* EXERCISE OBJECTIVE:
Give the data back exactly. Leave out any images.

* COLLECTED MATERIAL:
○ ○ ○

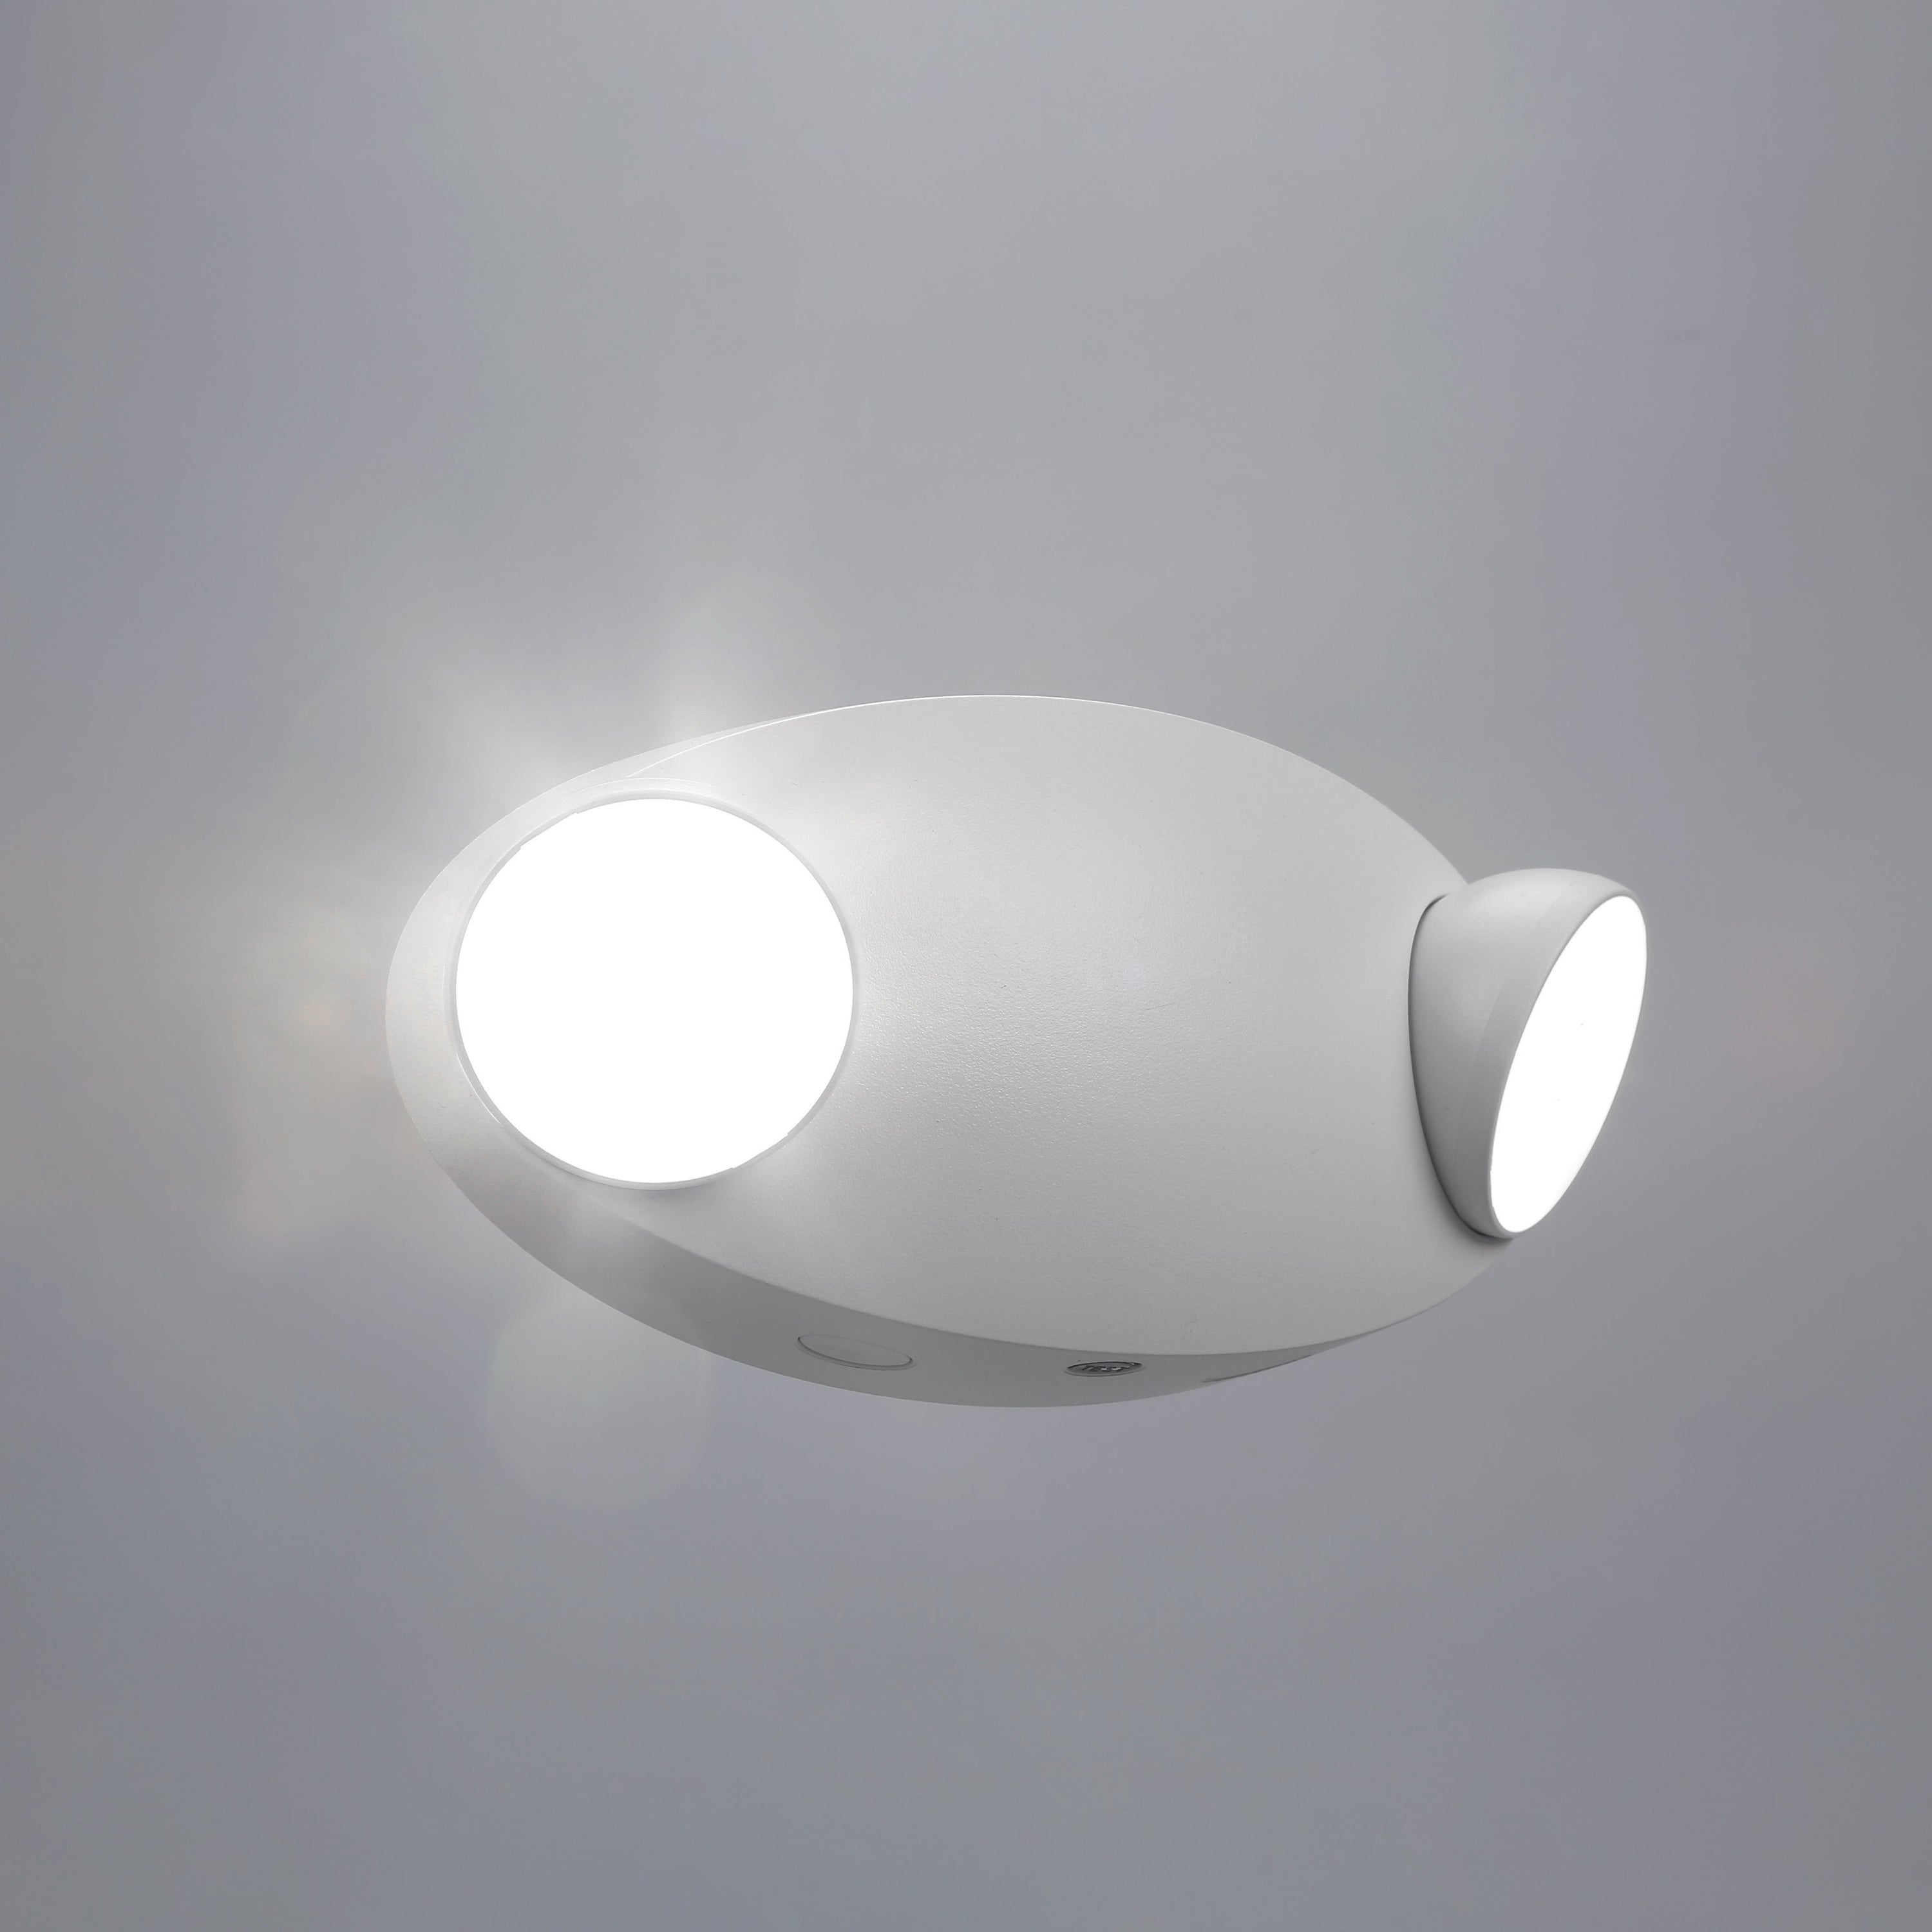 SwiftLit Indoor LED Emergency Light - Adjustable Dual-head
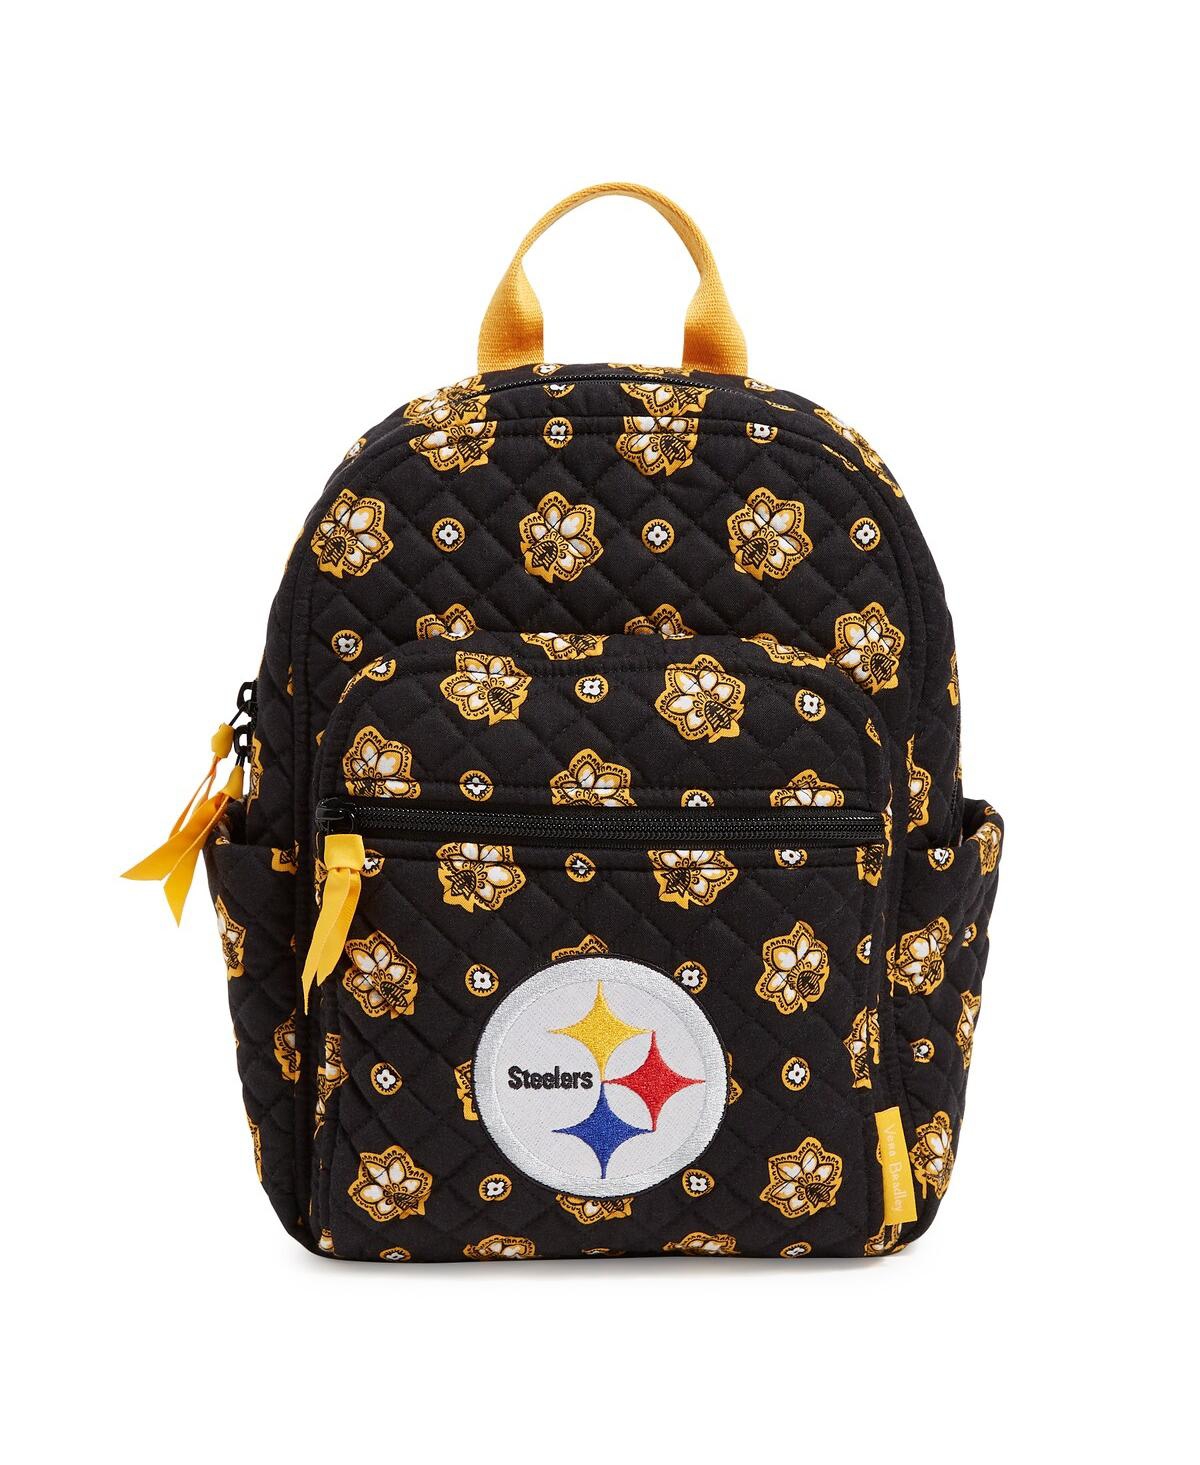 Men's and Women's Vera Bradley Pittsburgh Steelers Small Backpack - Black
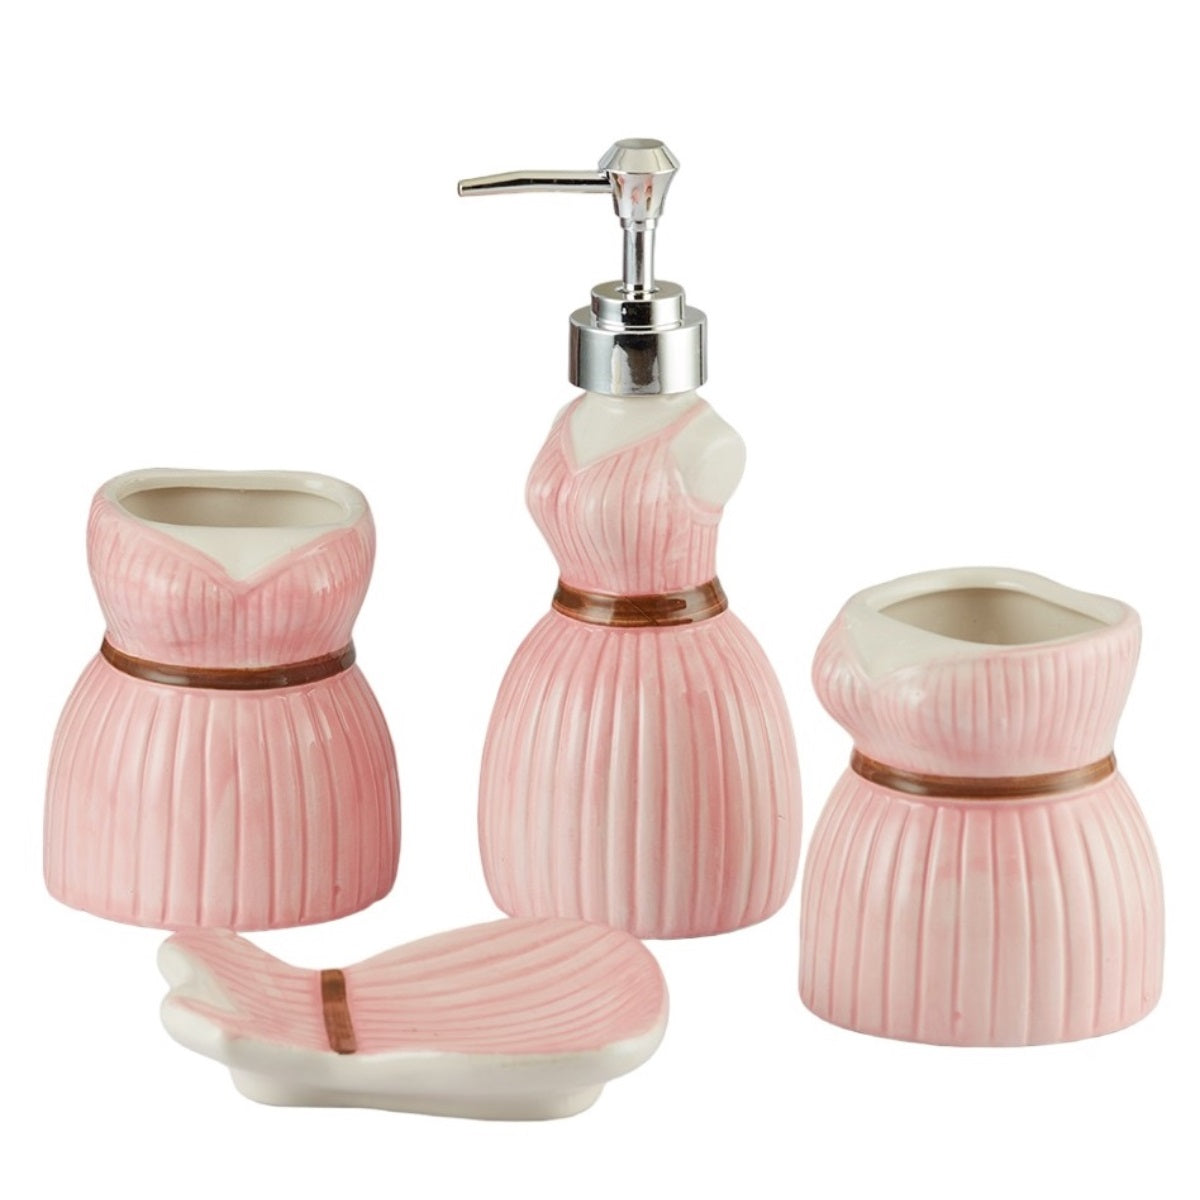 Ceramic Bathroom Accessories Set of 4 Bath Set with Soap Dispenser (9895)

○ ○ ○

* ANSWER BOX:
 SwiftLit Indoor LED Emergency Light - Adjustable Dual-head
 Men's and Women's Vera Bradley Pittsburgh Steelers Small Backpack - Black
 Ceramic Bathroom Accessories Set of 4 Bath Set with Soap Dispenser (9895)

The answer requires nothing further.